In altri casi l’indecisione è figlia dei veti incrociati, dei bisticci tra i compari della stessa maggioranza. Accade sui temi economici — dalle tasse alle pensioni — dove il ministro Giorgetti è un uomo solo contro tutti. Accade sui diritti — dallo ius scholae all’eutanasia — dove Forza Italia spinge, Fratelli d’Italia frena. E accade, tra lamenti e tormenti, sulle nomine.
La Consob è senza presidente dall’8 marzo, mentre i vari candidati cadono come birilli a uno a uno.
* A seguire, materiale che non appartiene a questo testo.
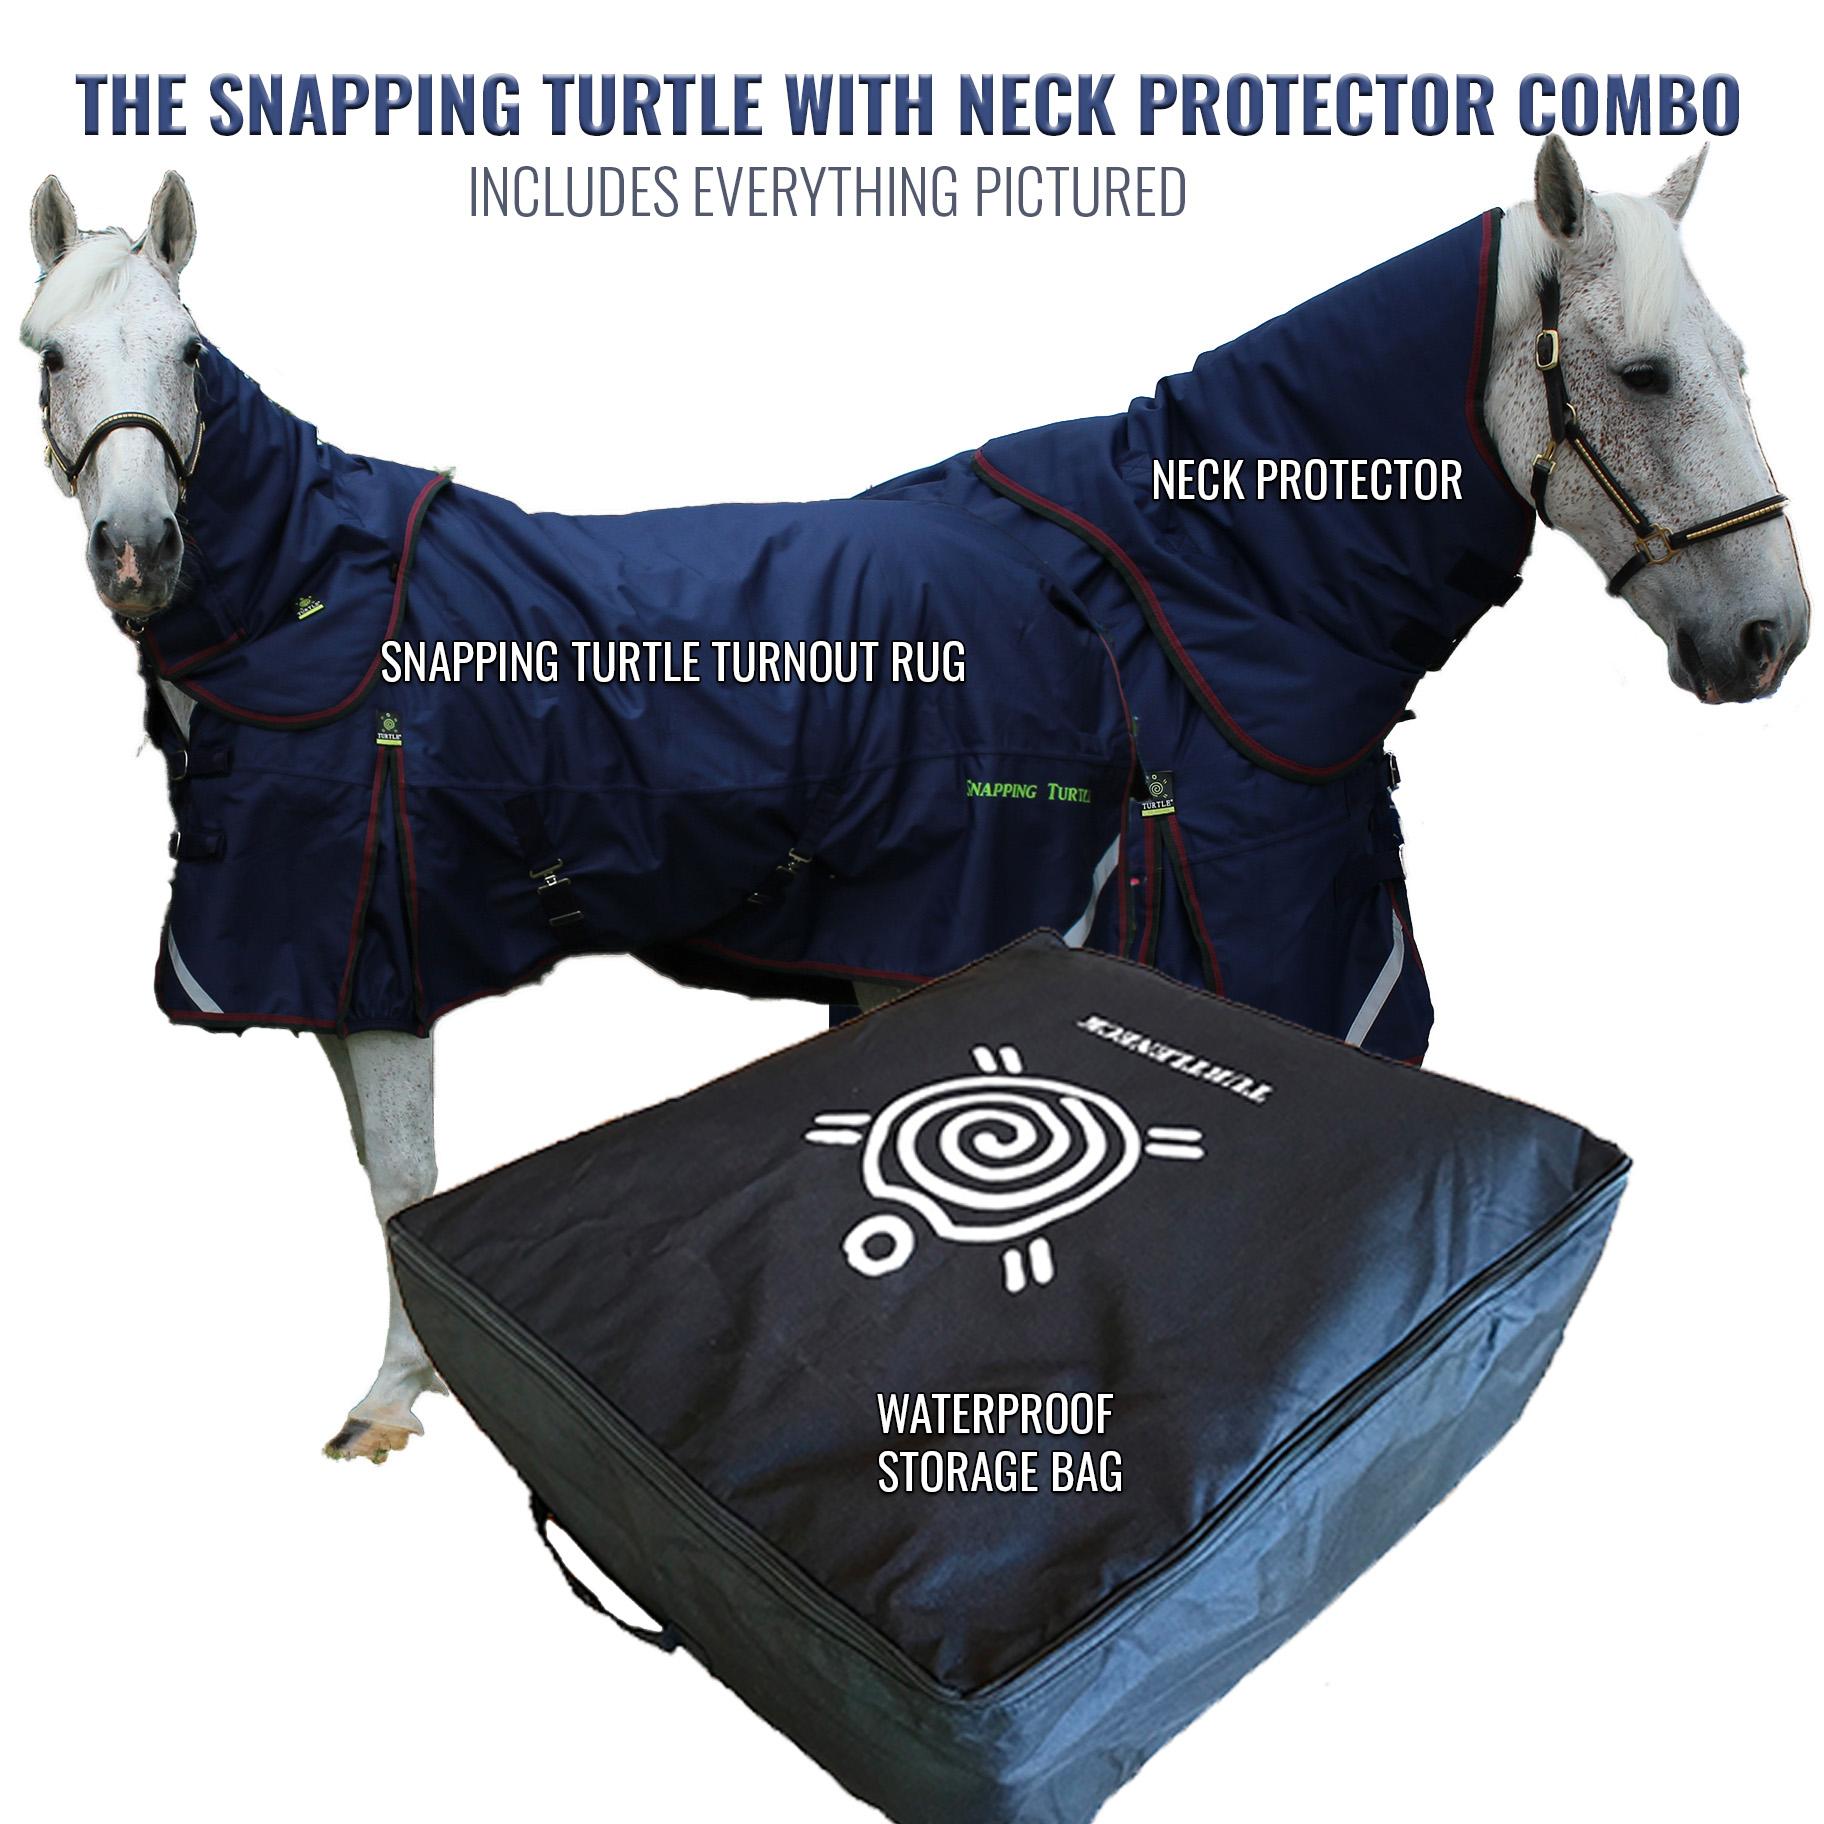 The Snapping Turtle with Neck Protector Combo from TurtleNeck Premium Horse Clothing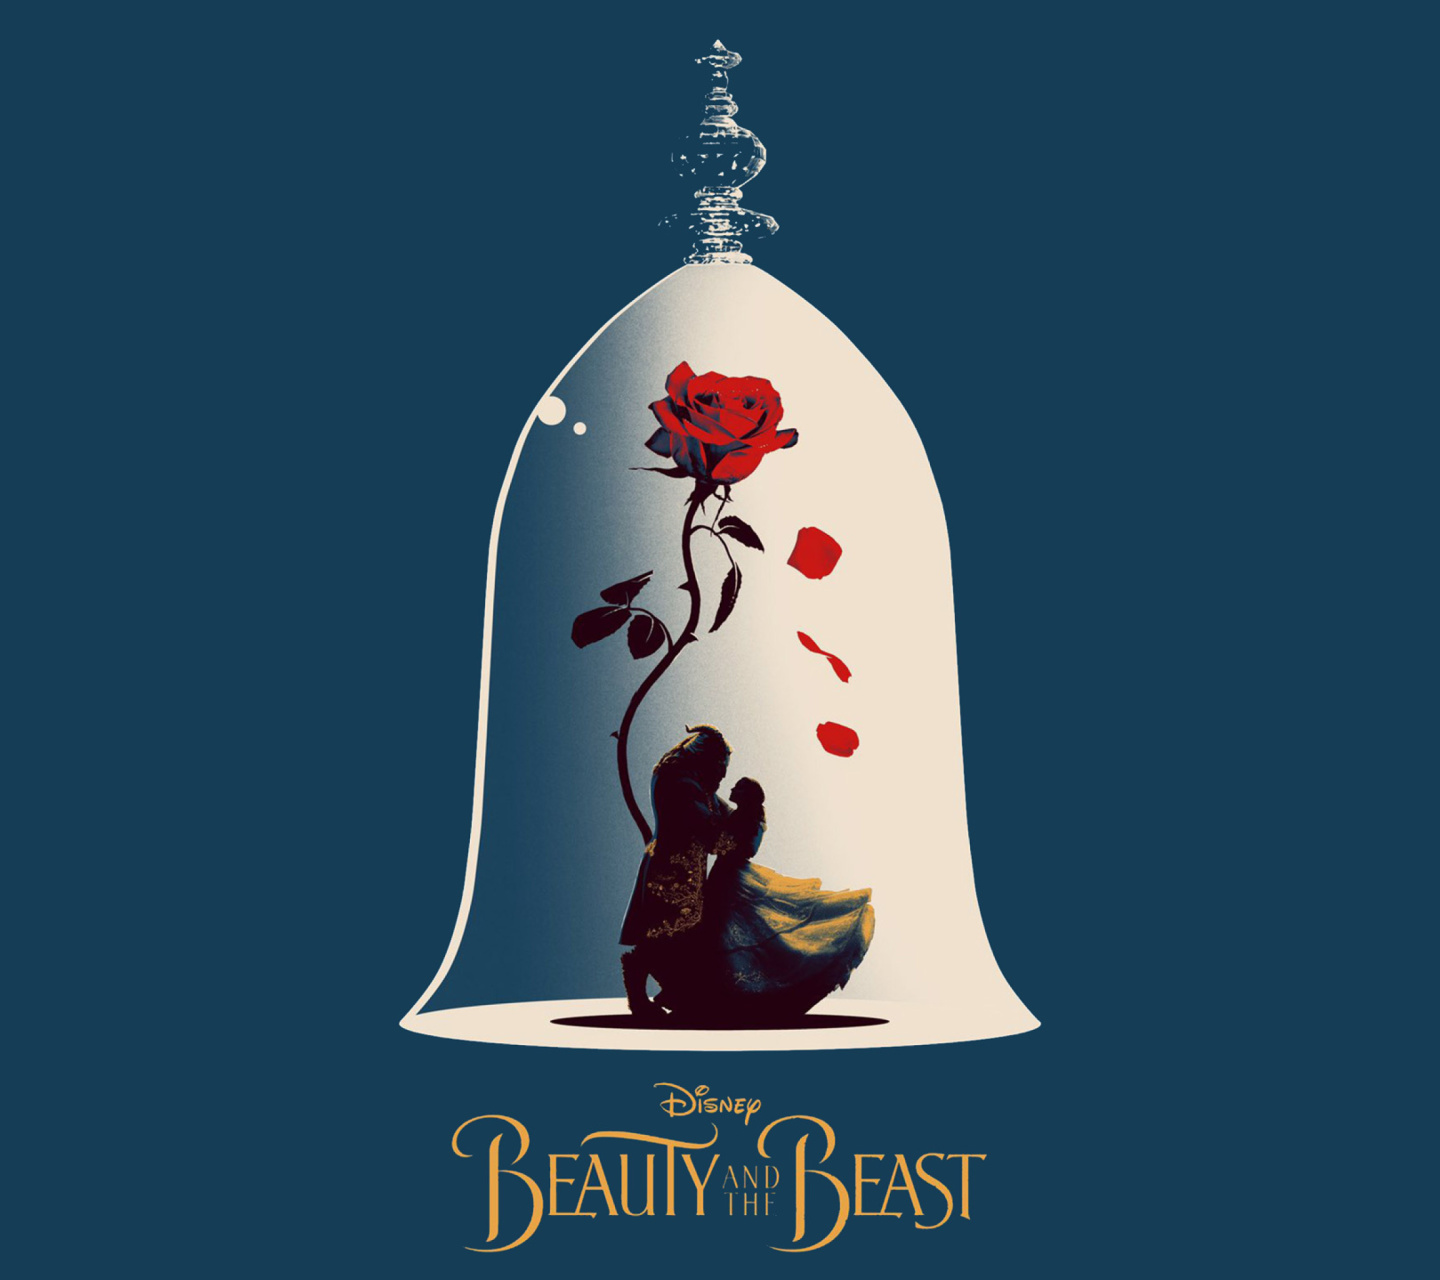 Beauty and the Beast Poster screenshot #1 1440x1280

Sulla presidenza dell’Antitrust (vacante da tre settimane) si succedono infruttuosamente vertici e riunioni di governo, benché la scelta spetti ai presidenti delle Camere. Quanto alla Rai, non ne parliamo: la commissione di Vigilanza non ha il suo presidente da un anno e mezzo, mentre la maggioranza fa mancare il numero legale disertandone le sedute. Insomma, un carosello di rinvii; ma se rinvii troppo il parto, rischi d’uccidere il bambino.
Anche l’opposizione, tuttavia, parrebbe vittima di questa stessa sindrome. Le elezioni s’avvicinano, però manca tutt’oggi un programma, un progetto condiviso tra i partiti del centrosinistra. Non servono le 281 pagine, distribuite in 12 capitoli, firmate da Prodi nel 2006. Basterebbe un’intenzione comune sulla politica estera, su quella economica, sui diritti di cittadinanza. E basterebbe stabilire quantomeno il metodo per la scelta del leader, con le primarie oppure senza, e che tipo di primarie, e quando. Sì o no; non è più permesso dire boh.
“Anche l’opposizione, tuttavia, parrebbe vittima di questa stessa sindrome. ” Dice Ainis.
Quale opposizione?
Chi sono i leader dell’opposizione?
Chi comanda nel piddì?
I fascisti al governo hanno vita facile, prima la scelta di Letta per isolare l’unico avversario dell’establishment e ora… in tanti nel piddì per imitare Letta e ingraziarsi i soliti potenti che tanto una cadreghina te la elargiscono lo stesso.